* _AIM OF THE EXERCISE_
Find the lines below holding the word "color" and copy each of them.

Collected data
┏━━

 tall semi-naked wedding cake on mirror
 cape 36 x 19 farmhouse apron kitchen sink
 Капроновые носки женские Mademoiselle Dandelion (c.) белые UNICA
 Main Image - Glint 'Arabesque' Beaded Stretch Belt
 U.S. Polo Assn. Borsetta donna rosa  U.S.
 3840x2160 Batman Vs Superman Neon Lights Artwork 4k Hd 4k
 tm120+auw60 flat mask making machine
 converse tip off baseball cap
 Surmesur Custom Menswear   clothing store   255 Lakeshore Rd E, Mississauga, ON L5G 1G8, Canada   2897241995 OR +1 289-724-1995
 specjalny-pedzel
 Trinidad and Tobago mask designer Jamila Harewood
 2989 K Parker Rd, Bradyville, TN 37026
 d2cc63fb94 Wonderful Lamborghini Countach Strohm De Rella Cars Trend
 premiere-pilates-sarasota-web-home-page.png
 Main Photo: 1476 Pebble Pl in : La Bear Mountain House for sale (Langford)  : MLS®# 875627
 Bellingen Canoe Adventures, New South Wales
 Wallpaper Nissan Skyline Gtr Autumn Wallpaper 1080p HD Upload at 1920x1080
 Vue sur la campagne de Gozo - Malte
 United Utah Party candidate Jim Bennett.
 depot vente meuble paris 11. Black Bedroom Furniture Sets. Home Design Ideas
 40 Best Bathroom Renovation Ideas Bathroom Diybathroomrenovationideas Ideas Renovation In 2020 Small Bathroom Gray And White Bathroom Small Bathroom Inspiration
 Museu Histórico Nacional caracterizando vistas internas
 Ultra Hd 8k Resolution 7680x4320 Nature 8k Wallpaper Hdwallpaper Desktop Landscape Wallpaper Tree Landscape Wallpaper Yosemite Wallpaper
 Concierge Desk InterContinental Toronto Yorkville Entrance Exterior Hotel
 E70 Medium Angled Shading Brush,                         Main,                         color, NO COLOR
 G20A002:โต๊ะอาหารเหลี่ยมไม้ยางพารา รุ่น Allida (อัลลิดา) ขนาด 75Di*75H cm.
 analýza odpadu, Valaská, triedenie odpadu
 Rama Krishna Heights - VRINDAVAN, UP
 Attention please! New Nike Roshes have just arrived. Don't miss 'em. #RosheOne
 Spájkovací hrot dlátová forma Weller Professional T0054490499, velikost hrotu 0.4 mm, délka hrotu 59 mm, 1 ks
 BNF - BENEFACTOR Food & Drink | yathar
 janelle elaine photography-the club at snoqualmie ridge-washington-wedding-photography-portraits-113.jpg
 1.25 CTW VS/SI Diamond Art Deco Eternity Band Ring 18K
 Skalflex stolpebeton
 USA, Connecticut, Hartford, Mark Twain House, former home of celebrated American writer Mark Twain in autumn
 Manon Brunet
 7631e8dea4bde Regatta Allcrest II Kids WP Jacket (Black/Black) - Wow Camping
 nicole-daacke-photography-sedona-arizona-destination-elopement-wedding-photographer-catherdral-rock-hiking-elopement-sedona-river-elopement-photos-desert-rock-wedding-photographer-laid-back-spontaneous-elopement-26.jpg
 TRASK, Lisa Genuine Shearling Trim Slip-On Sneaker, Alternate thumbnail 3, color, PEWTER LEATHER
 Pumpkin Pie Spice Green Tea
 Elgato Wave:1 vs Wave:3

┗━━

* _ANSWER AREA_
 E70 Medium Angled Shading Brush,                         Main,                         color, NO COLOR
 TRASK, Lisa Genuine Shearling Trim Slip-On Sneaker, Alternate thumbnail 3, color, PEWTER LEATHER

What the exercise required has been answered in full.